» **Your goal**
Which lines in the data below contain the word "White"? Pull each of them out.

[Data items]

=-=-=

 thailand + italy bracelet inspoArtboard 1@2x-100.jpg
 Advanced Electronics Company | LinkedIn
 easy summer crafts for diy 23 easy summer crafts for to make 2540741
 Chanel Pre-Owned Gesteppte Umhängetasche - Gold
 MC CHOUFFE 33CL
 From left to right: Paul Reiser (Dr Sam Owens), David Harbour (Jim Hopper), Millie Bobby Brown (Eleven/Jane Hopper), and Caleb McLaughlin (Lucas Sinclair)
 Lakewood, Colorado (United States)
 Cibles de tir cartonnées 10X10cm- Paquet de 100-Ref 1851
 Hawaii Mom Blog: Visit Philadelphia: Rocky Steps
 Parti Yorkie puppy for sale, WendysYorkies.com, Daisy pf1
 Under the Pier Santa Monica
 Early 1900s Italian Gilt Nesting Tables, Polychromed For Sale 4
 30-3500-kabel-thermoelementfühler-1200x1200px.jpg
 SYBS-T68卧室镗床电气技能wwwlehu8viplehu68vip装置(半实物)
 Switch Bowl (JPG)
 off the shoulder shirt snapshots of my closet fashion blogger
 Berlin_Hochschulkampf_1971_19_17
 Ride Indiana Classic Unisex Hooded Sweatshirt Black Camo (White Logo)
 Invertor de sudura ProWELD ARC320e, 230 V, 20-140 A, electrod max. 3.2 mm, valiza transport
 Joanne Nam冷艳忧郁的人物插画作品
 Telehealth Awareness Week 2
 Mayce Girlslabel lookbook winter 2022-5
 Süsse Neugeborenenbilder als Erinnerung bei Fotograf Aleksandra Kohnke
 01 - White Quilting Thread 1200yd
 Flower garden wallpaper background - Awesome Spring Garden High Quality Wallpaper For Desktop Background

=-=-=

» **Response to the task**
 Ride Indiana Classic Unisex Hooded Sweatshirt Black Camo (White Logo)
 01 - White Quilting Thread 1200yd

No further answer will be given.